Harvard’s SoHP and MHAAM investigators and their projects were exceptionally well represented. After an opening lecture by Svante Pääbö, Wednesday’s papers included David Reich on the genomic formation of south and central Asia; Alissa Mittnik used archaeogenetics to discover household structure and marital patterns among Bronze Age farmsteads in Bavaria, while Eadaoin Harney presented on the mysterious skeletons of Roopkund and Iñigo Olalde sketched the genetic history of the Iberian peninsula over the last 8000 years from aDNA. On Friday Noreen Tuross reevaluated Neanderthal subsistence, current MHAAM post-doc Saskia E. Ryan explored changes in ancient diets from birth to toddling through novel uses of light stable isotopes in tooth dentin, and Nathan Nakatsuka estimated ancient nuclear DNA contamination from linkage disequilibrium patterns.
Harvard-authored posters kept up the pace: the two current holders of MHAAM graduate fellowships, second-year PhD candidates Aurora Allshouse (Archaeology/Anthropology) and Megan Michel (Human Evolutionary Biology), respectively, used isotopes to track movement around a busy Byzantine port city, and highlighted the aDNA search for markers of malaria among ancient Sardinians. Prof. Tuross presented recent questions on the microbiome and isotopic fractionation, Dr. Linda M. Reynard took a new look at fundamental methodological questions arising from light stable isotopes in archaeological contexts, and Alexander Kim examined Yeniseian hypotheses in light of genome-wide ancient DNA from historical Siberia.
Finally, two scientists working at MPISHH on the historical plague pandemics that are central to MHAAM’s transatlantic research program presented critical insights featuring new evidence from mass graves, three of which were identified by the Harvard MHAAM pandemic team. In his poster “Ancient Yersinia pestis genomes from Britain, France, Germany and Spain reveal extensive strain diversity during the First Plague Pandemic (541-750 CE),” Marcel Keller presented the first robust molecular proof that the Justinianic Pandemic reached Britain, France and Anglo-Saxon England, and abundant new evidence from early medieval Bavaria. Gunnar U. Neumann underlined plague persistence in Europe during the Second Pandemic thanks to a 16th century Yersinia pestis genome from particularly well-preserved individuals from Logroño, Spain. McCormick co-authored both papers. Alumni of the SoHP network also featured prominently in the meeting, including former Harvard post-docs Pontus Skoglund (Francis Crick Institute, London) who gave a paper on modelling early human lineages in Africa, and Michael Campana (Smithsonian Institution, Center for Conservation Genomics) who displayed evidence for Ancient DNA phylogenomics using DNA capture and maximal information (super)trees.
August 29, 2018
Ancient Peoples-Modern Names: Reconciling material cultures in archaeology with the new archaeogenetic data
A new study in Nature – Scientific Reports addresses the fundamental issue of identifying and naming genetic clusters in the new field of archaeogenetics. The first joint publication of the Max Planck – Harvard Research Center for the Archaeoscience of the Ancient Mediterranean lays the groundwork for resolving misunderstandings in the classification of ever growing libraries of ancient genetic data.

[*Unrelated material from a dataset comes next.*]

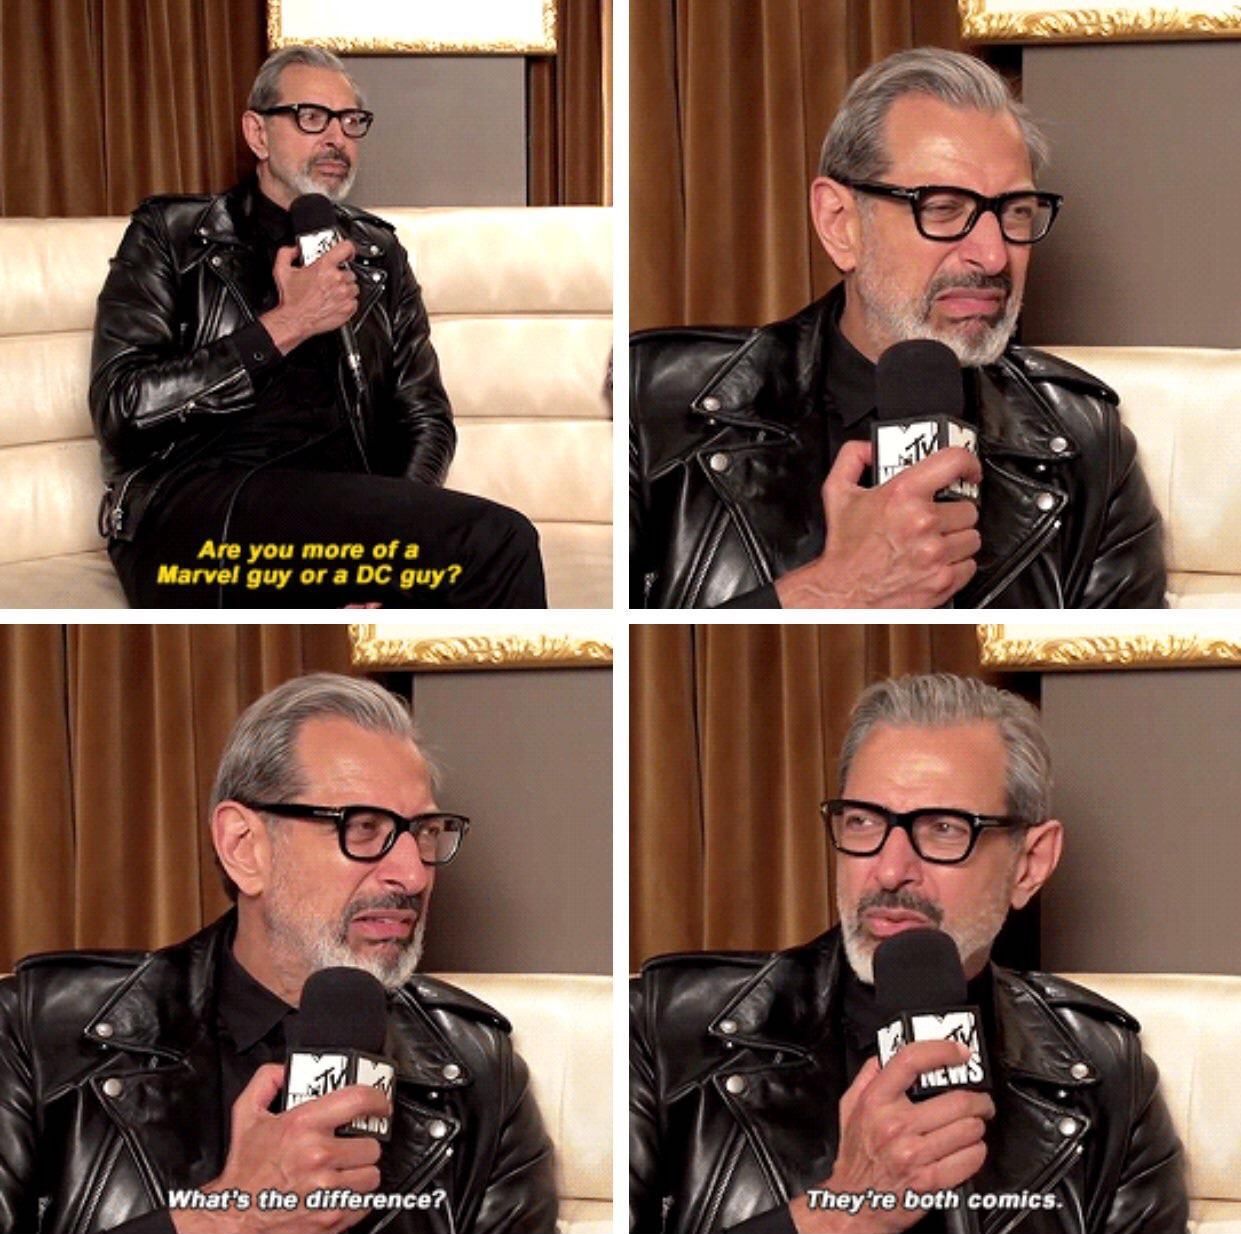 jeff goldblum marvel or dc - Daun Are you more of a Marvel guy or a Dc guy? Tu What's the difference? They're both comics.

Ancient DNA analysis is a powerful new tool for investigating the human past that is transforming the traditional disciplines like archaeology and history. This new study tackles one of the fundamental obstacles in the collaboration between archaeogeneticists and archaeologists: the development of a common language for archaeological phenomena.
Recent methodological advances in the field of ancient DNA analysis have exponentially increased the number of ancient genomes published. This data can be analyzed to identify statistical groupings of individuals who share more genetic variants with each other. To name these “genetic clusters,” geneticists have frequently borrowed names from archaeological groupings, without considering the historically problematic nature of the concept of cultures and identities in archaeology. This has led to the misinterpretation of the genetic results in subsequent papers and by the public, or even a rejection of ancient DNA studies as a whole in parts of the archaeological community.
The nature of names is that they have or rather convey meanings. What we call a thing inevitably influences what we think it is. Naming is thus a double-edged sword that can to the same extent prevent and stir misunderstandings.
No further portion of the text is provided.